Dans les années 1990, le président George H.W. Bush, dans le but d’obtenir sa réélection, a pressé le président Greenspan de réduire les taux supplémentaires pour stimuler l’économie, mais a été refusé.
Bush, qui n’a pas été réélu, a critiqué plus tard Greenspan, en disant: « Si les taux d’intérêt avaient été abaissés … j’aurais été réélu président parce que la reprise [économique] dans laquelle nous étions aurait été plus visible … Il m’a déçu. »
Le président actuel Donald Trump, qui vient de l’immobilier, a déclaré: «Je suis une personne à faible taux d’intérêt. » Sa pensée est que la probabilité des taux d’intérêt bas permettent d’emprunter de l’argent à moindre coût.
On craint qu’il ne fasse pression sur la Fed si elle envisage une accélération des hausses de taux d’intérêt.
Powell a déclaré qu’il était « déterminé à prendre des décisions avec objectivité et sur la base des meilleures preuves disponibles, dans la longue tradition de l’indépendance de la politique monétaire ». Il doit fermement adhérer à cet engagement.
Powell a également un autre surnom de « hibou », qui est un symbole de sagesse.
La description s’est répandue après qu’un ancien collègue ait dit aux médias des USA que Powell n’était ni un faucon, désireux d’augmenter les taux d’intérêt, ni une colombe, mettant l’accent sur la prudence, mais un « hibou sage ».

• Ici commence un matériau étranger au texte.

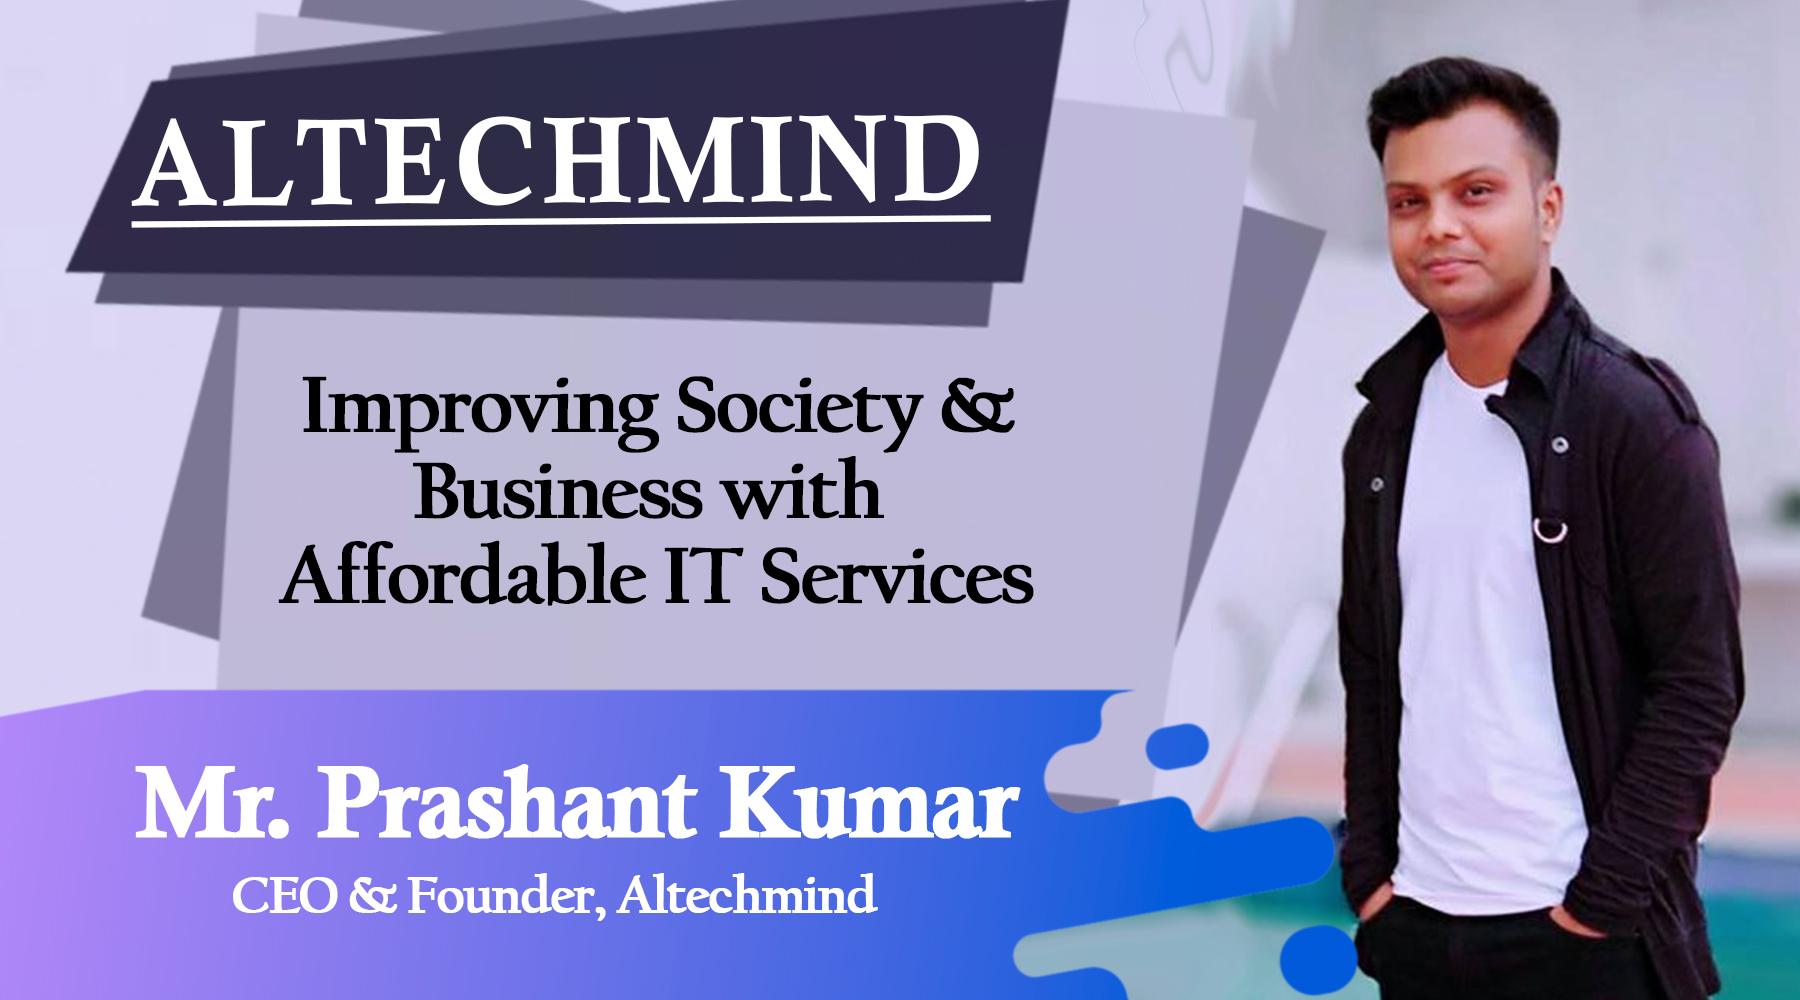 Altechmind Web Services: IT company Web Hosting, Web Design, Digital Marketing & more

On espère que Powell dirigera une politique sage et flexible afin que la force de l’économie mondiale se poursuive pendant longtemps.
■ Jerome Powell
Né en 1953 à Washington, D.C., Powell a occupé des postes de sous-secrétaire du Trésor au cours de l’administration George H.W. Bush et partenaire de fonds d’investissement, avant d’être nommé au Conseil des gouverneurs de la Réserve fédérale en 2012. Il est inhabituel pour un président de la Fed en ce qu’il a travaillé comme un avocat plutôt que d’un économiste. Ses actifs sont estimés à plus de 6 milliards de yens et il est considéré comme [l’occupant du fauteuil] le plus riche depuis les années 1950.
■ L’indicateur Buffett
Un indicateur pour évaluer les cours des actions surévalués, adopté par l’investisseur des USA bien connu Warren Buffett. Il est obtenu en divisant la capitalisation boursière totale par le produit intérieur brut nominal de ce pays. Il est calculé sur la base de l’idée que les cours des actions, qui reflètent la performance de l’entreprise, approchent un niveau correspondant au pouvoir économique d’un pays.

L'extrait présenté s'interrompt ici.